> WHAT YOU WILL DO
Drop the pictures and extract exactly the lines from the one that contains "The TK68 65" through the end of the material.

> MATERIAL PROVIDED
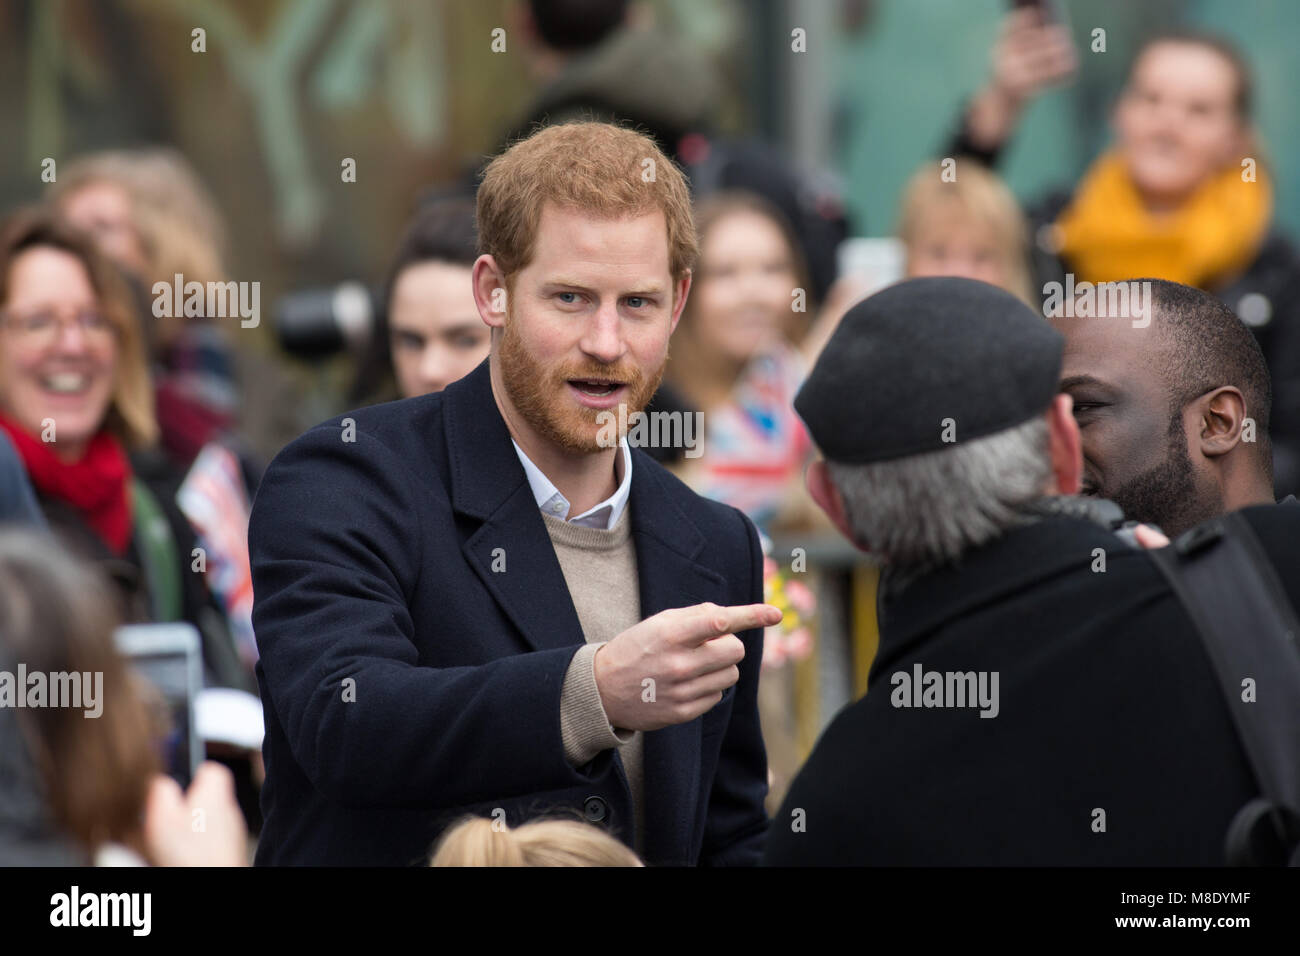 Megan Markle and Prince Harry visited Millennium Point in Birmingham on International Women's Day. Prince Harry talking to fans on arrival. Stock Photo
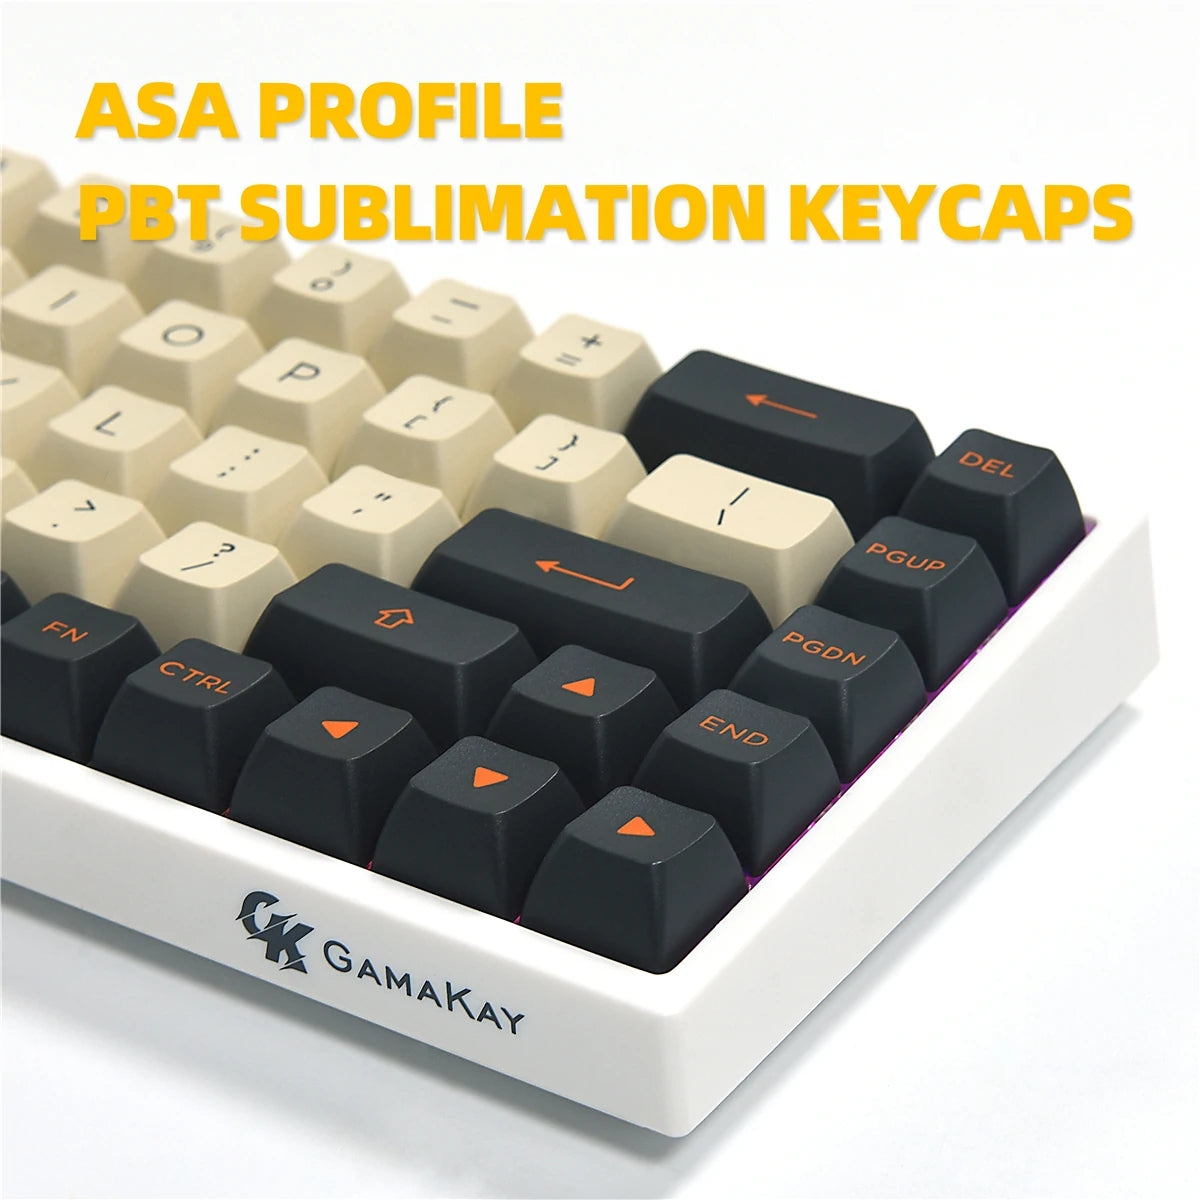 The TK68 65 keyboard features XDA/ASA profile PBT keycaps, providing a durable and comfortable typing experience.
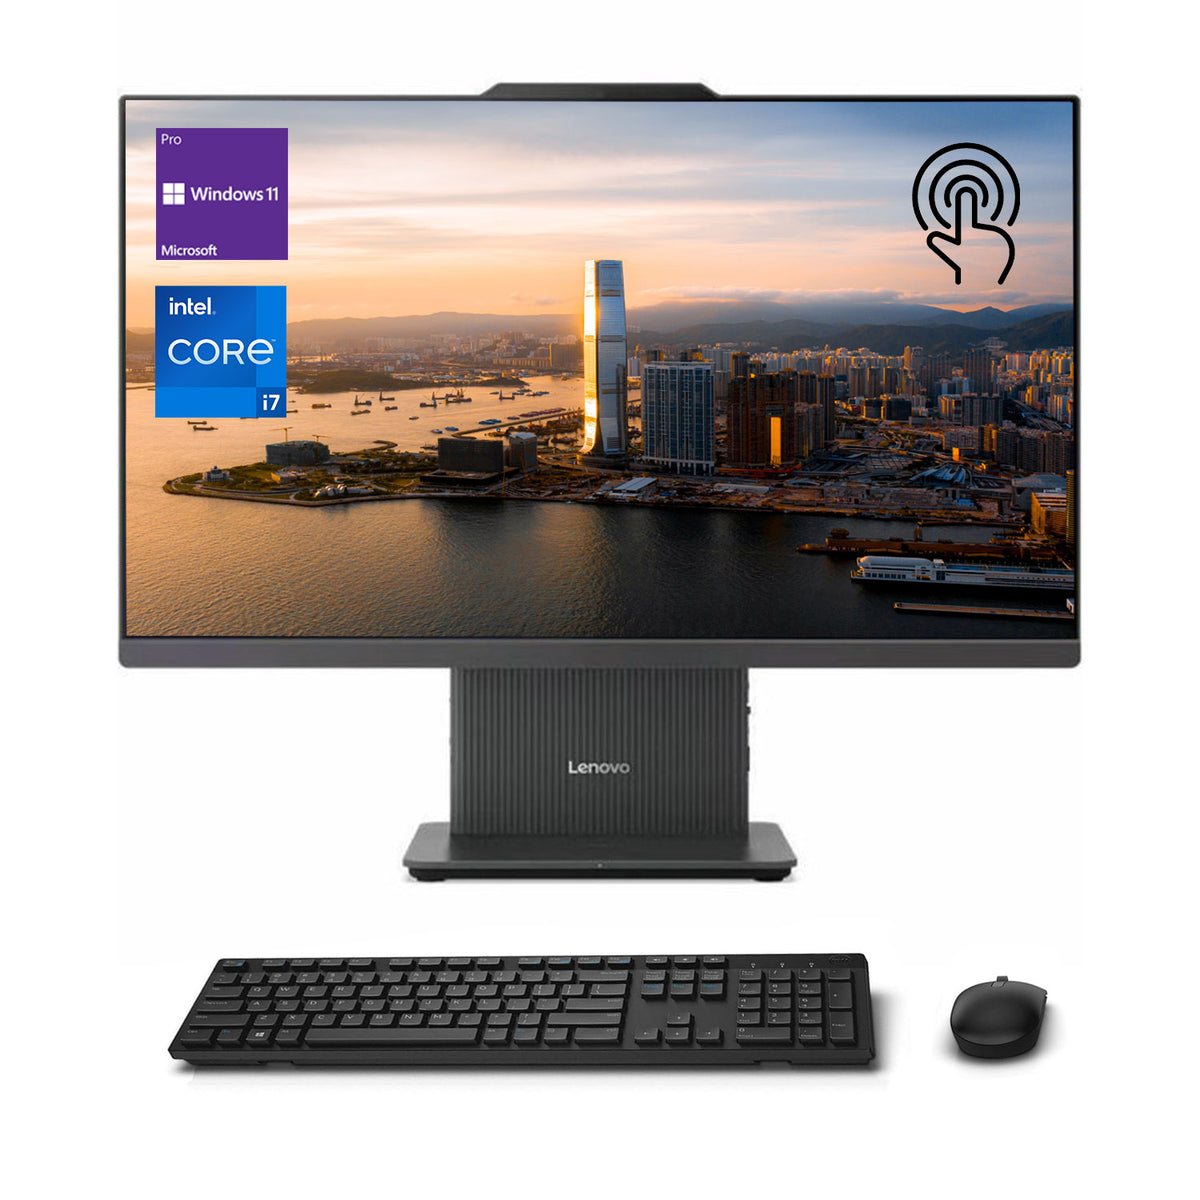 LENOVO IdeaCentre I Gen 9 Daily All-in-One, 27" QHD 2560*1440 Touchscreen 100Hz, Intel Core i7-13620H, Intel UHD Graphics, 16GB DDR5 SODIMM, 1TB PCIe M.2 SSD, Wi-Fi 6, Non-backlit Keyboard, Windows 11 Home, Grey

> FINISHED EXERCISE
 The TK68 65 keyboard features XDA/ASA profile PBT keycaps, providing a durable and comfortable typing experience.
 LENOVO IdeaCentre I Gen 9 Daily All-in-One, 27" QHD 2560*1440 Touchscreen 100Hz, Intel Core i7-13620H, Intel UHD Graphics, 16GB DDR5 SODIMM, 1TB PCIe M.2 SSD, Wi-Fi 6, Non-backlit Keyboard, Windows 11 Home, Grey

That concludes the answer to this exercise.